In ancient history, the Bronze Age was followed by the Iron Age, as humans learned to make tools that were harder and more durable than those their ancestors had crafted from copper-based alloys. So when a new family of superconducting materials based on iron, rather than copper, was reported in early 2008, headline-writers were quick to announce the beginning of the “Iron Age” of superconductors.
The discovery was certainly a surprise. Iron-based materials are usually associated with magnetism, not superconductivity (the phenomenon where electrical current flows without resistance), although elemental iron can, under high pressure, become superconducting at very low temperatures. In addition, the chemical properties of the new iron-based superconductors (Fe SCs) were very different from those of the superconductors that contain copper, which are known collectively as cuprates. To physicists, this suggested that the mechanism behind superconductivity in Fe SCs must be different from the mechanism that produces superconducting behaviour in other materials.

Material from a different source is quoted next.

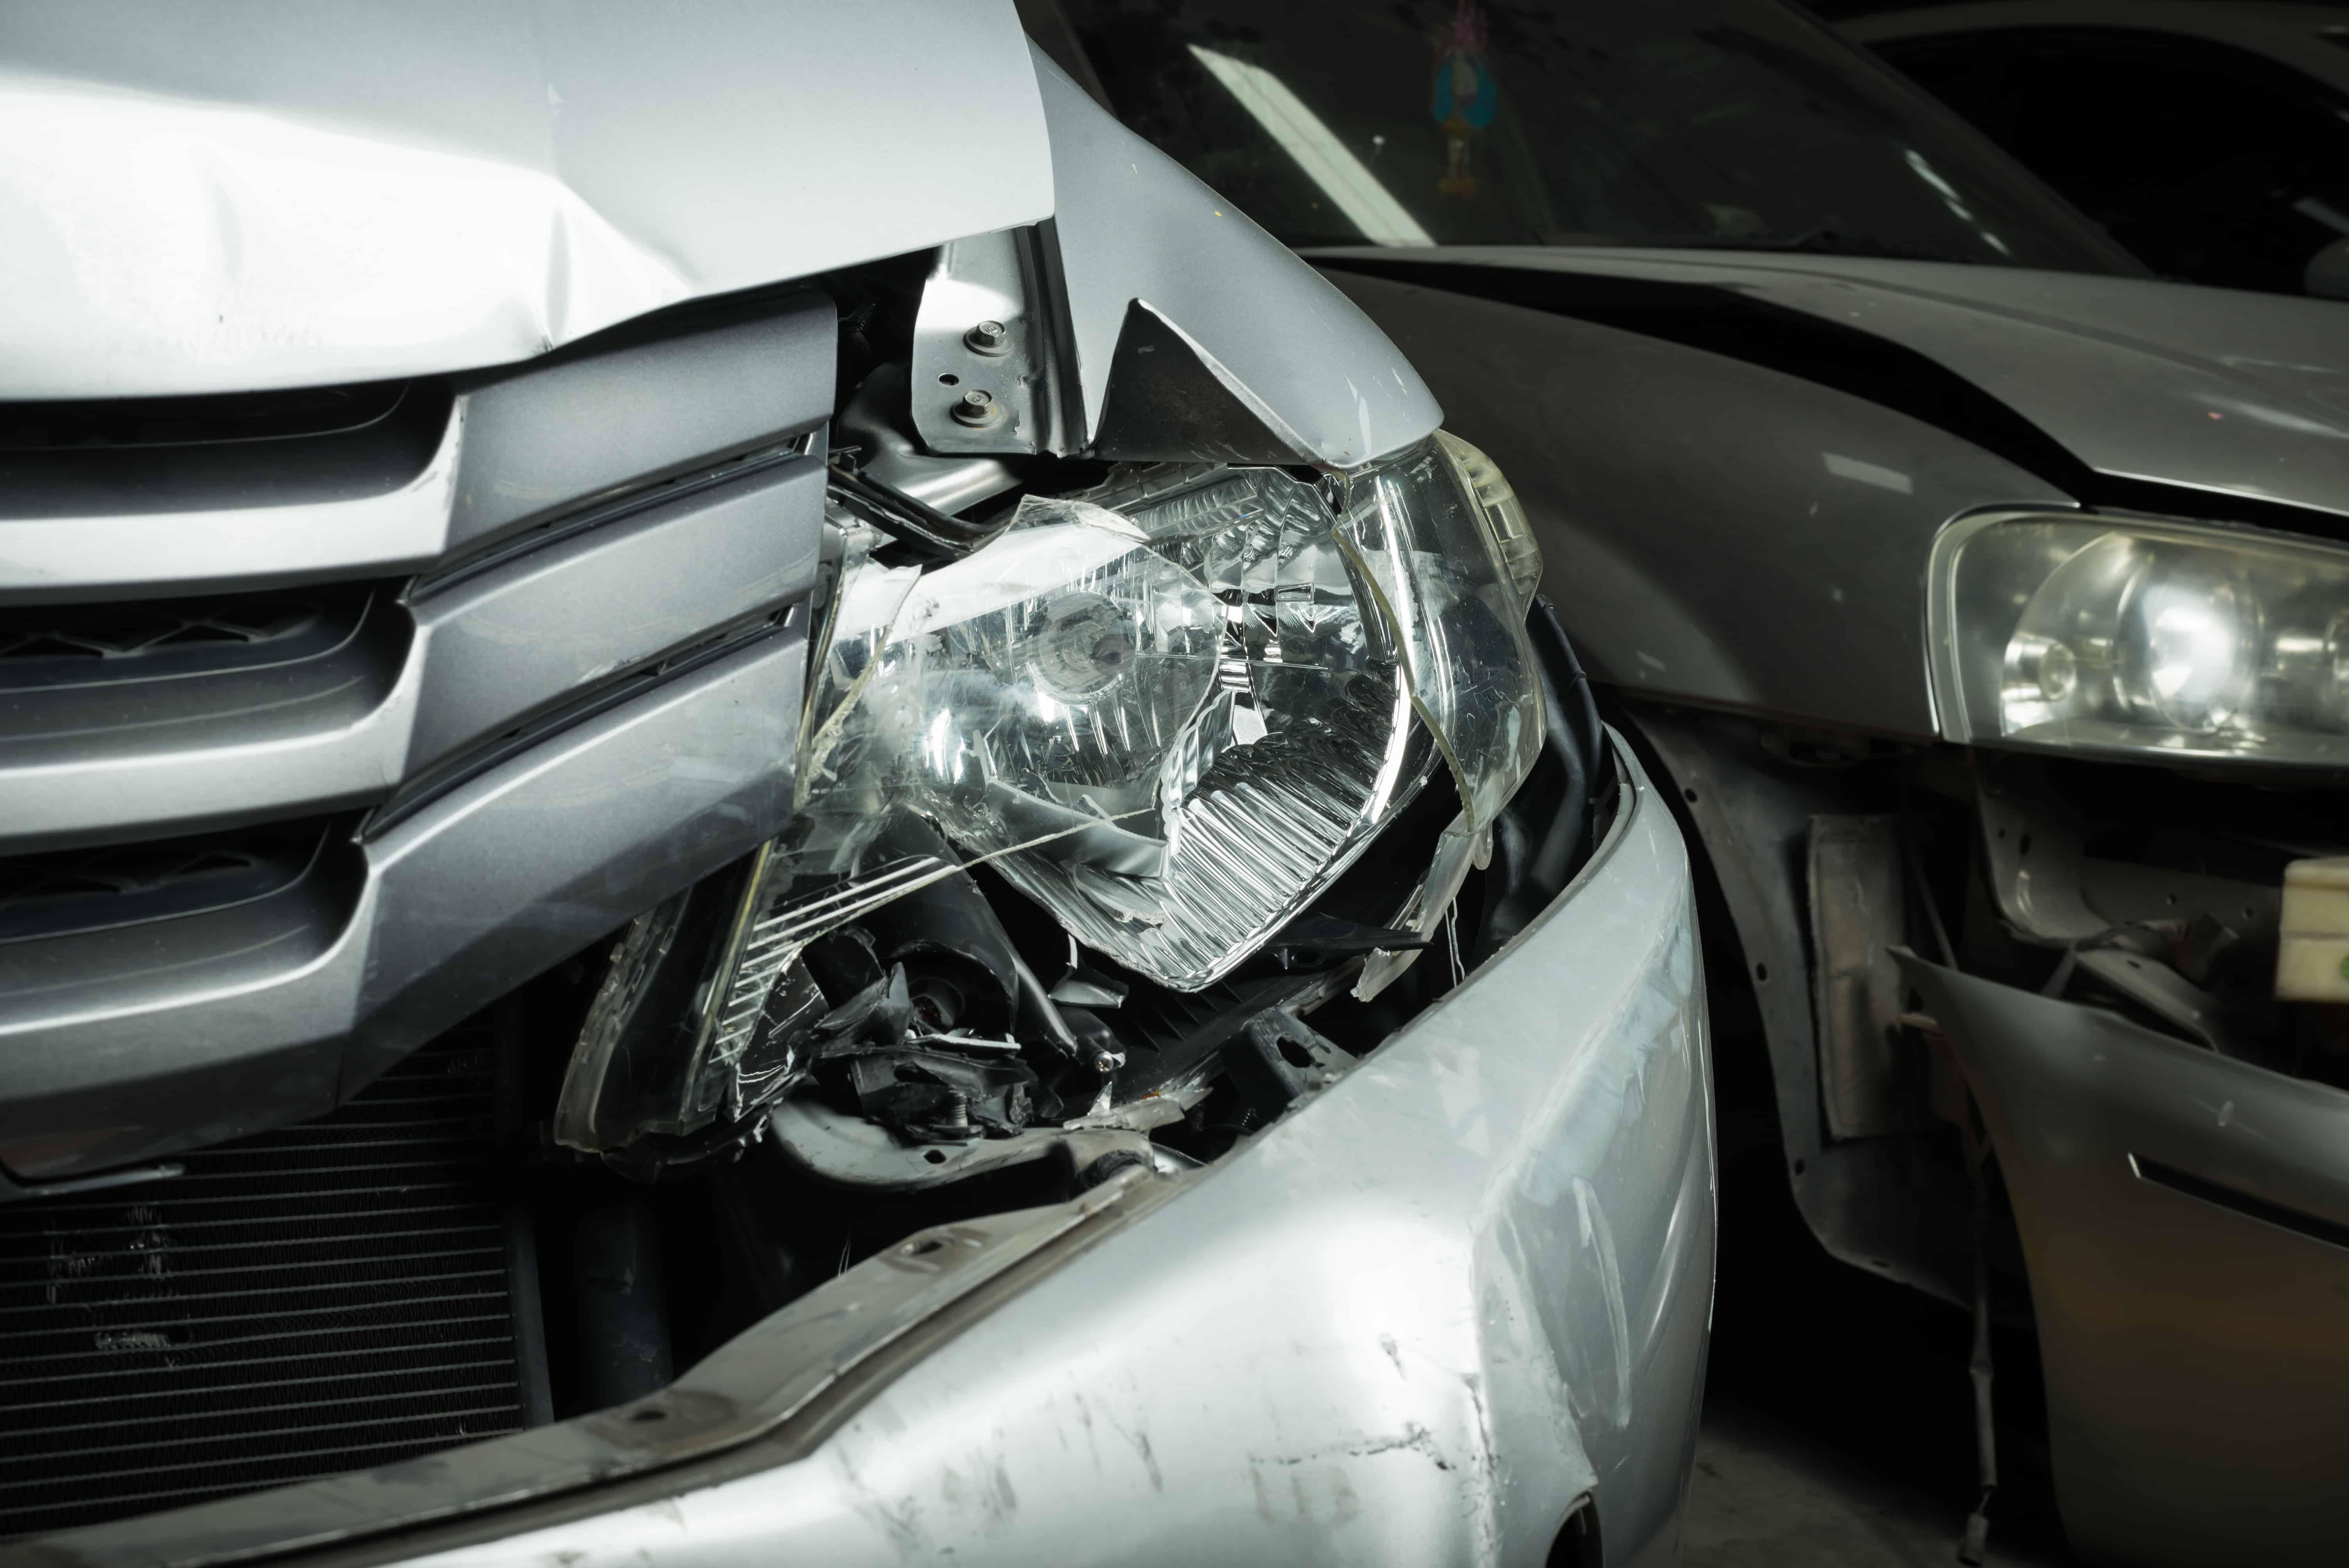 One Dies, Several Injured in Crash on South Pecos Road [Las Vegas, NV]

Now, seven years later, we may be in a position to ask how Fe SCs are developing in comparison to the older members of the superconducting family – particularly the cuprates, which are sometimes called “high-temperature superconductors” because they become superconducting when cooled below a transition temperature, Tc, that in some cases exceeds 90 K. This is an important asset because their Tc is above the boiling temperature of liquid nitrogen, 77 K, which means that cuprates can be made to superconduct in systems that use liquid nitrogen rather than more expensive liquid helium as a coolant. Indeed, cuprate superconductors already have several applications (including superconducting quantum interference devices, or SQUIDs, which can detect extremely minute magnetic fields) and they are beginning to be applied on larger scales as well – for example in superconducting leads already being used in CERN’s Large Hadron Collider. The question we want to ask is: how will Fe SCs stack up against their increasingly useful predecessors?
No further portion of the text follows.